MISO developed three transmission designs to move the wind. One is a 345-kV design, which is entirely alternating current. One is a 765-kV design, which is also entirely AC and the third is a 345-kV design, which combines AC lines with high-voltage direct-current lines. Each design was evaluated for its ability to deliver wind generation while maintaining system reliability. They have also been evaluated economically to determine which design provides the most cost efficient dispatch of resources across MISO’s footprint.
To learn more about the final economic portion of the study and the three overlays studied, please see the Final RGOS Report at the link below:
https://www.midwestiso.org/Library/Repository/Study/RGOS/Regional Generation Outlet Study.pdf
We, along with co-sponsors Electric Transmission America, a transmission joint venture between subsidiaries of American Electric Power and MidAmerican Energy Holdings Co., Exelon Corp., NorthWestern Energy, Xcel Energy, and MidAmerican Energy Co., a subsidiary of MidAmerican Energy Holdings Co., performed a comprehensive study of the transmission needed in the Upper Midwest to ensure reliability and support renewable energy development for transport to population and electricity load centers. The study was completed in two phases, a reliability analysis phase and an economic analysis phase.
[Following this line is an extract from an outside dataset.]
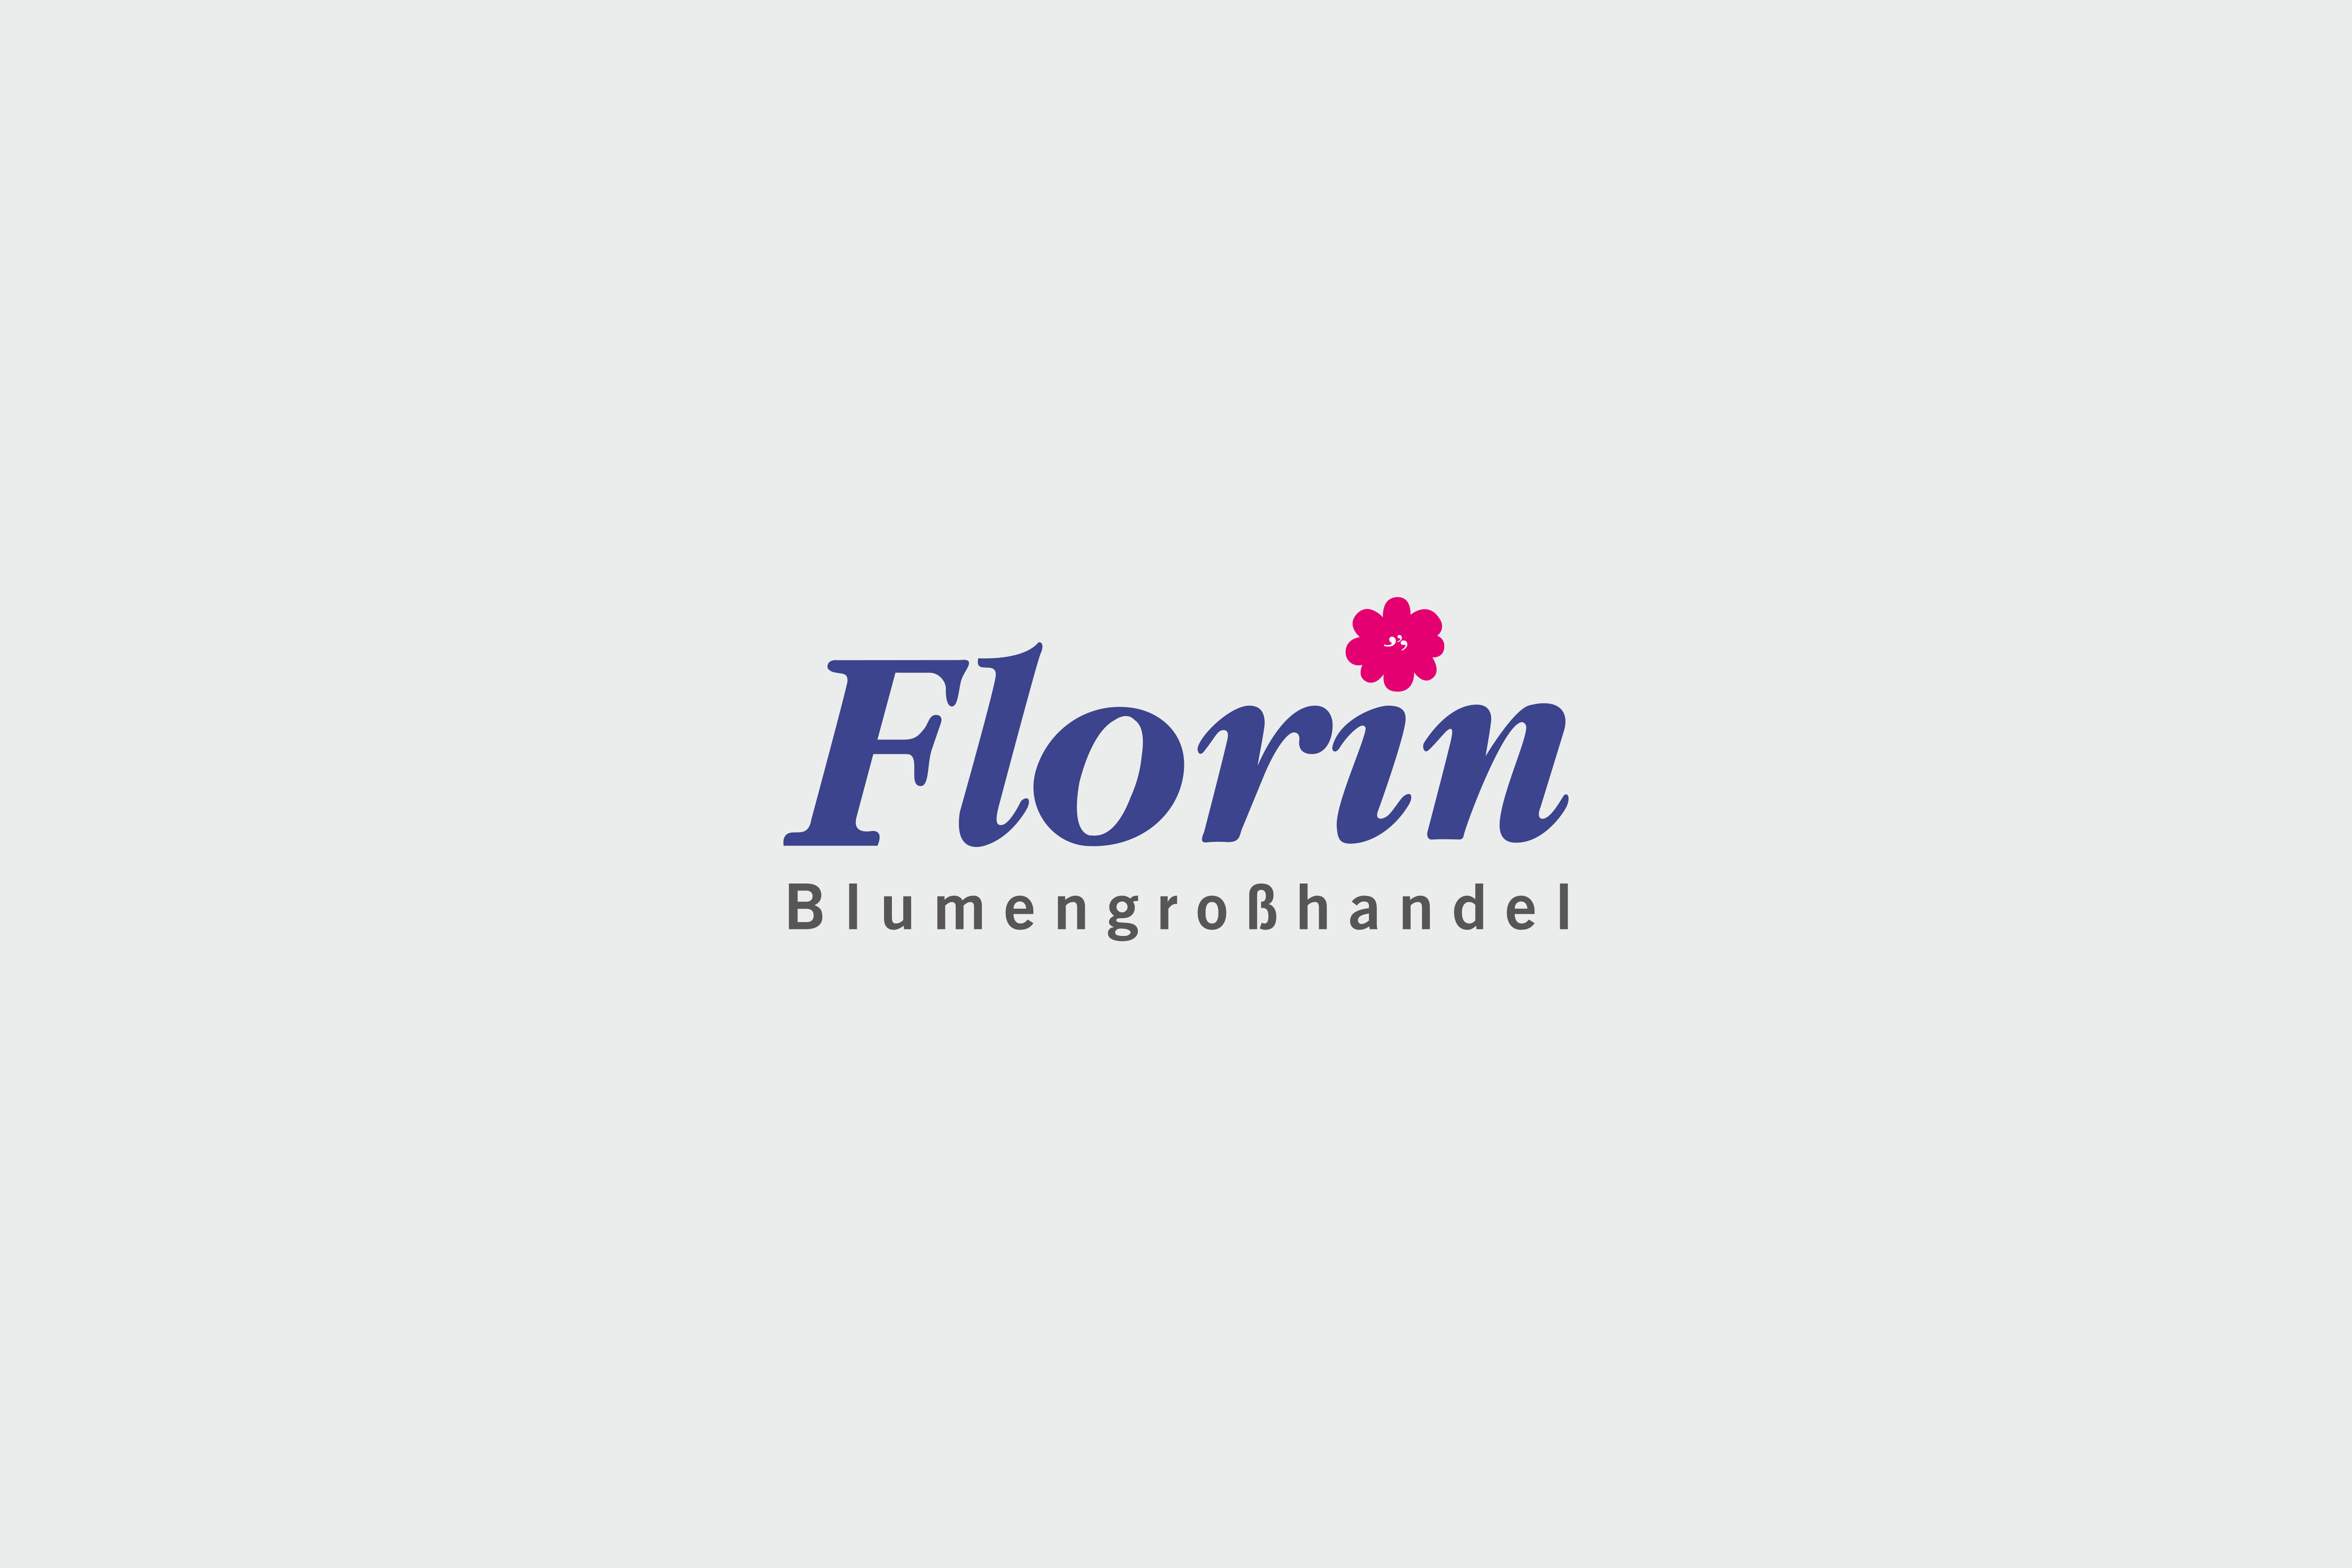 Florin

Phase 1 of the study evaluated the reliability of various alternatives designed to move 56.8 GW of wind generation capacity. The 56.8 GW of wind generation capacity generally reflects a federal Renewable Portfolio Standard requirement of 20 percent for all states in the SMART Study footprint. Adjustments were made for states with approved RPS requirements or goals in excess of 20 percent. At the conclusion of Phase 1, three alternatives were recommended for further study based on a rigorous reliability assessment and stakeholder input. One alternative is primarily 765-kV extra-high voltage transmission, another includes 765-kV combined with limited use of high-voltage direct-current transmission lines, while the third constitutes a combination of both 345-kV and 765-kV transmission lines.
The results of Phase 2, completed in 2010, indicate that two alternatives have substantially similar economic and environmental performance as well as abilities to reliably deliver wind generation. Both the Phase 1 and Phase 2 reports can be downloaded at www.smartstudy.biz.
- Eastern Interconnection Planning Collaborative (EIPC)
We are among the NERC-registered Planning Authorities in the Eastern Interconnection that form the Eastern Interconnection Planning Collaborative. The EIPC group consists of 26 Planning Authorities, working with the Department of Energy, formed to develop conceptual Eastern Interconnection-wide transmission plans. The DOE has granted an award for $16 million to the group to develop transmission expansion options for the Eastern Interconnection under different scenarios. A Stakeholder Steering Committee with representatives from state regulatory bodies, transmission owners, generation owners (including renewables), end users, demand-side businesses, other suppliers, transmission-dependent utilities, public power entities and non-governmental entities has been established. They have developed eight macro-economic futures. Ultimately, three scenarios will be used to develop detailed transmission expansion options. Initial modeling results for many of the futures are available at http://www.eipconline.com/Modeling_Results.html. The project is being done in two phases and will continue through 2012, when interregional transmission options will be developed and analyzed along with a final report. We are an active participant in the EIPC and are one of eight sub-awardees of the DOE funding grant.